Paxson was allegedly driving through an unfamiliar neighborhood when Google Maps directed him to cross a bridge that had collapsed in 2013 and was never repaired. State troopers who found Paxson's body in the overturned truck said there were no warning signs or barriers present along the washed-out roadway to warn drivers of the collapse.

"Our girls ask how and why their daddy died, and I'm at a loss for words they can understand," Alicia Paxson said in a statement. "Because, as an adult, I still can't understand how those responsible for the GPS directions and the bridge could have acted with so little regard for human life." 

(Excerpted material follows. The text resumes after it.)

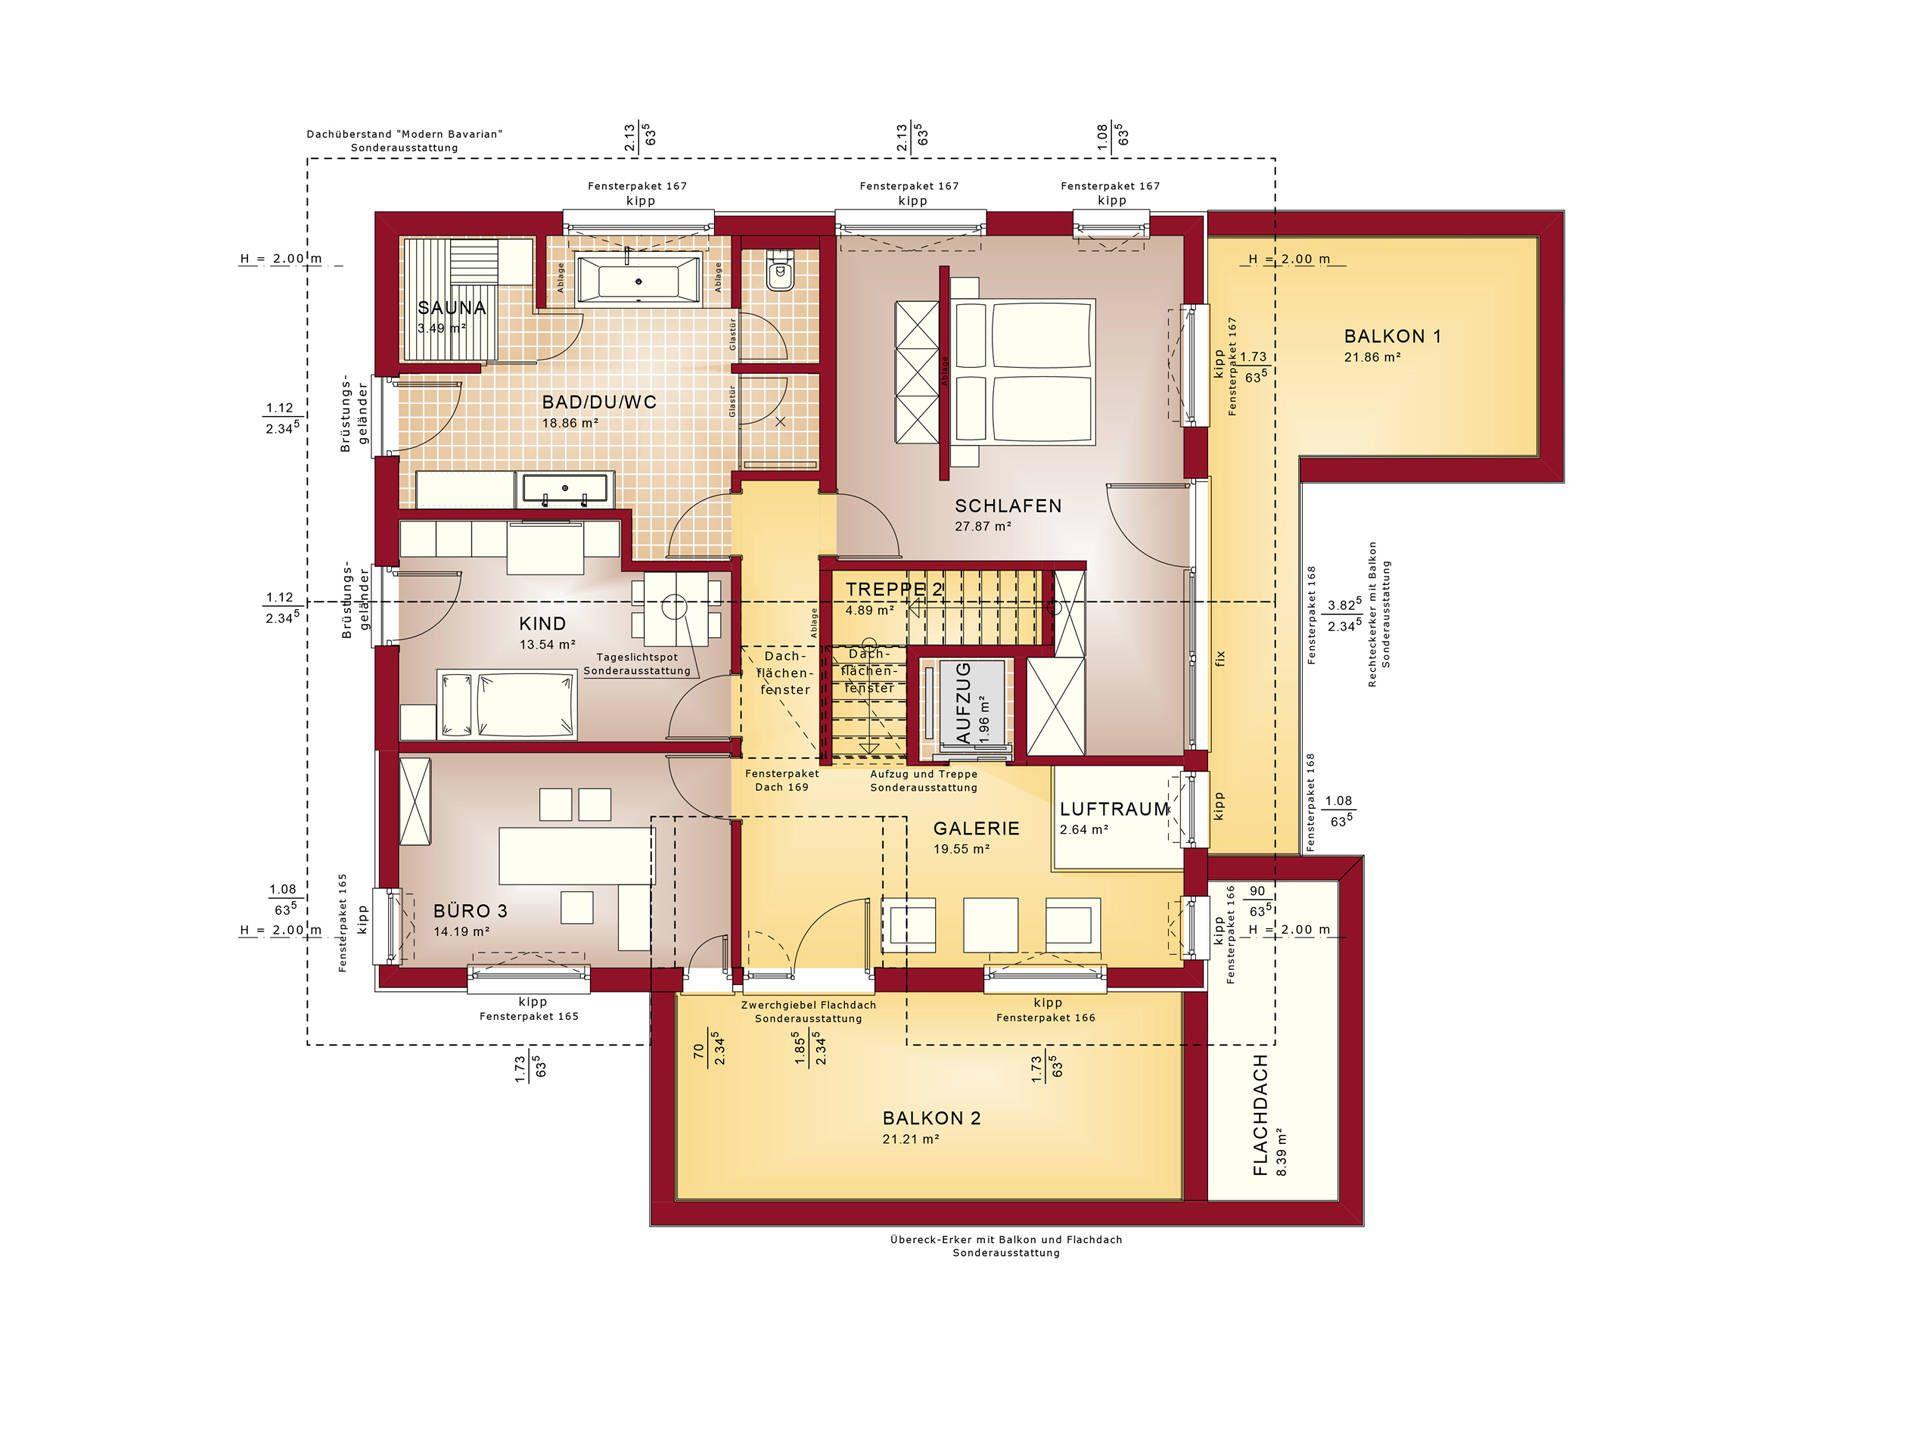 grundriss dg evolution mannheim von bien zenker floor plans pinterest musterhaus. Black Bedroom Furniture Sets. Home Design Ideas

A negligence lawsuit filed Tuesday in Wake County Superior Court claims Google was made aware of the collapsed bridge but never updated its navigation system. A court filing also confirms that Google had received at least one email request to stop directing drivers over the collapsed bridge, but the lawsuit claims the company took no further action despite a response saying the matter was "in review."

The lawsuit also names several private management companies that it claims are responsible for the collapsed bridge and adjoining land. Investigators said the roadway where the tragedy occurred was not maintained by any local or state officials after the original developer's company dissolved.

“We have the deepest sympathies for the Paxson family," Google spokesperson José Castañeda told The Associated Press. "Our goal is to provide accurate routing information in Maps and we are reviewing this lawsuit.”